A Mink may smarter be by far.

Billy Mink.

This is what Billy Mink said to himself as he uncovered the trap which had been set for him at the entrance to one of his favorite holes in the bank of the Laughing Brook. Of course he was thinking of the trapper when he said it. At first Billy flew into a great rage. It made him angry clear to the tip of his brown tail just to think that he must now be always watching for traps where for so long there had been no danger.

At first he had thought to go on at once up the Laughing Brook and see what more he could discover. But you remember that Billy was hungry and that there was a piece of perfectly delicious fish back in that hole. He knew now just how that fish happened to be there.

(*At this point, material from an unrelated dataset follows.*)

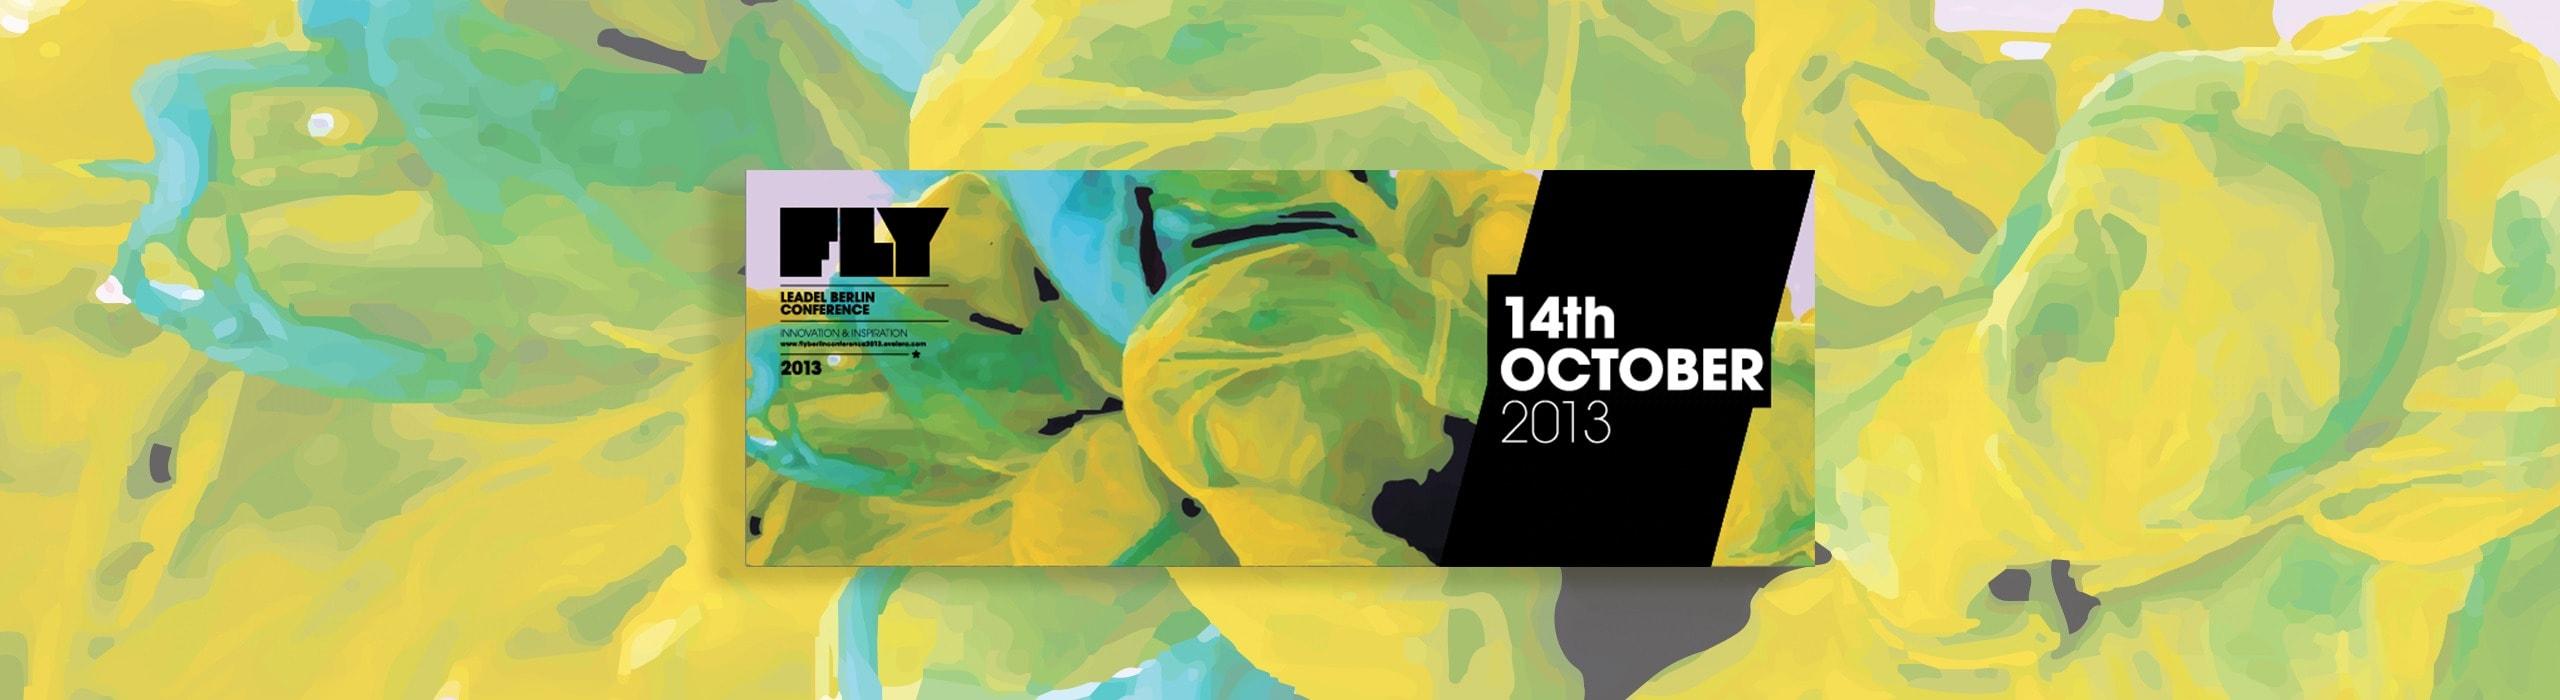 Fly Berlin Conference - natie-fly-ticket - Natie Branding Agency

He knew that the trapper had put that piece of fish in there, hoping that Billy would be so eager to get it that he would be careless.

The more he smelled it, the more he wanted it. “It will serve that trapper right if I get that fish,” muttered Billy. “Perhaps it will teach him that he is not so smart as he thinks he is.”

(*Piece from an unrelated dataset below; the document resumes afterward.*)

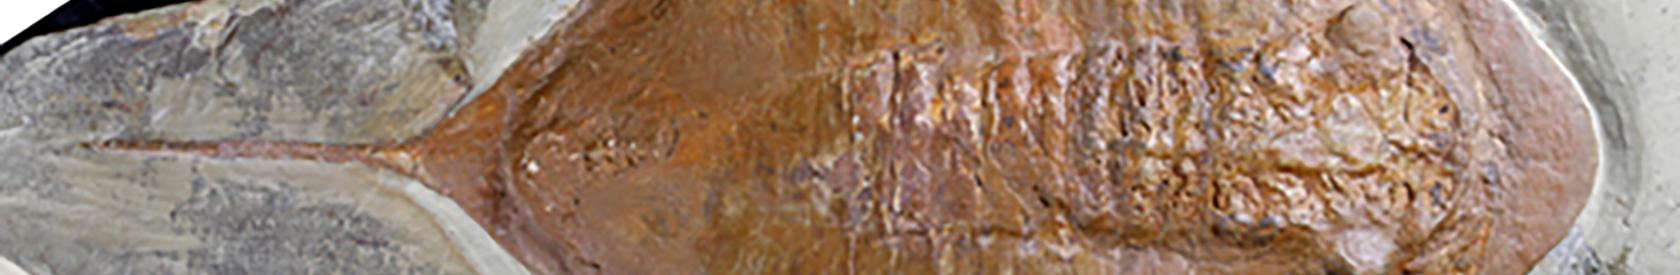 Hallados en Marruecos fósiles de trilobites con patas y partes blandas de hace 478 millones de años

Billy sat down and studied the trap and the entrance to the hole. The more he studied, the more sure he became that he would be running a very foolish risk if he tried to step over that trap just to get a piece of fish. You see, that trap had been very cunningly placed. But the more he smelled that fish, the more he wanted it.

Billy stroked his whiskers thoughtfully. Of course that didn’t have anything to do with it, but just the same while he was stroking them he remembered something. His eyes snapped and he grinned. Way up on the bank between the roots of a certain tree was a little hole. It was the entrance to a little underground tunnel, and that tunnel led right down to the very hole in front of which the trap was set. It really was a back door.

Billy turned and in a flash had scrambled up the bank. With his keen little nose he made sure that there was no scent of the trapper up there. He felt sure the trapper had not found that little hole between the roots of a certain tree. But though he was sure of this, he took no chances. As he approached the hole he took the greatest care to make sure no trap was in there.

There was none. Once inside the hole, Billy ran along that little tunnel, chuckling to himself. He knew that now there was no danger. He could get that fish. He did get it. He got it and ate it right there. Then he turned and ran out the way he had entered. Somehow that fish had tasted the best of any fish he ever had eaten. It was because he had outwitted the trapper.